Monday, October 7, 2013

The most detailed visuals of Hurricane Sandy, revealed

In this 3-D map of potential temperature, relatively cool air wraps around Sandy's core near the surface (purple and blue colors), while air parcels gain heat from moisture condensing into clouds and precipitation as they ascend through the storm’s core.

From ClimateCentral (by Andrew Freedman)

Scientists have recently developed awe-inspiring visualizations of Hurricane Sandy, which devastated the Northeast and Mid-Atlantic states a year ago.
The visualizations, created using state-of-the-art computer models, provide some of most detailed looks at any hurricane to date.

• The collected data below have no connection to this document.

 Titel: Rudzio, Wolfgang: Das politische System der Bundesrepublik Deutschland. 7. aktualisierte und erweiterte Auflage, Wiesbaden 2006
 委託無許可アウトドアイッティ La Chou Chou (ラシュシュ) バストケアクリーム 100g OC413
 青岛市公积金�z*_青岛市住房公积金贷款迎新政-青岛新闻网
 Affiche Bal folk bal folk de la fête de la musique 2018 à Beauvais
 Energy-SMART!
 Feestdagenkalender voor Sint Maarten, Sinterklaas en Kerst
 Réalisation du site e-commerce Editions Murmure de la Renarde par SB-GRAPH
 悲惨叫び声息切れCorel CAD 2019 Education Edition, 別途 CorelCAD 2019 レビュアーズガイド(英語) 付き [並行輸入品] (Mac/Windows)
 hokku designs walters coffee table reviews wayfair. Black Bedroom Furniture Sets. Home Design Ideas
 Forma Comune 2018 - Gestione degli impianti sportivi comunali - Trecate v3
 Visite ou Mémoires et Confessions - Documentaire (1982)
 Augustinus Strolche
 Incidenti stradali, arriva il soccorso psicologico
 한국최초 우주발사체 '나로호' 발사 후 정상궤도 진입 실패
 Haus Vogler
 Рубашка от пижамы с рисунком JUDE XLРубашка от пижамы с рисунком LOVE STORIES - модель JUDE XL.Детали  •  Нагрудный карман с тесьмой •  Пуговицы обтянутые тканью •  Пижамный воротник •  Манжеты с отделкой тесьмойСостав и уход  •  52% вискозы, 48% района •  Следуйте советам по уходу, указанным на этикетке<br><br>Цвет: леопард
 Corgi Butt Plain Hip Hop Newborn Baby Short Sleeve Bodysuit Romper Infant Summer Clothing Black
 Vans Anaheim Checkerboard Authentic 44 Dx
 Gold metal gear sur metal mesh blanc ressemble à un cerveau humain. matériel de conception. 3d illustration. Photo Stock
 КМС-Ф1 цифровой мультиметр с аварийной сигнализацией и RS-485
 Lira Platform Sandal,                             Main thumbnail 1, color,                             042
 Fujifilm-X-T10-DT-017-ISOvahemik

Scientists based at the National Center for Atmospheric Research (NCAR) in Boulder, Colo., used an advanced hurricane computer model to create mesmerizing images and animations that almost succeed in making the destructive and deadly storm appear to be a beautiful work of art.
The hurricane went through multiple phases.
After rumbling through the Caribbean and striking Cuba, it veered north-northeastward just off the East Coast.
The storm was officially classified as a post-tropical cyclone as of 7 p.m. EDT on Oct.29, 2012, only an hour before it made landfall, and after hurricane force winds had already begun buffeting the New York and New Jersey coastlines.
Climate Central posted the initial round of visualizations from this team in January.
But now, a team including NCAR's Mel Shapiro, the National Center for Computing Applications (NCSA), Cray Computing, and the U.S. Office of Naval Research has produced addition simulations at even higher resolution.

The visualizations show how Sandy’s life cycle was unique — going through multiple tropical and non-tropical phases as it interacted with the jet stream and surface weather features, such as a cold front draped along the East Coast.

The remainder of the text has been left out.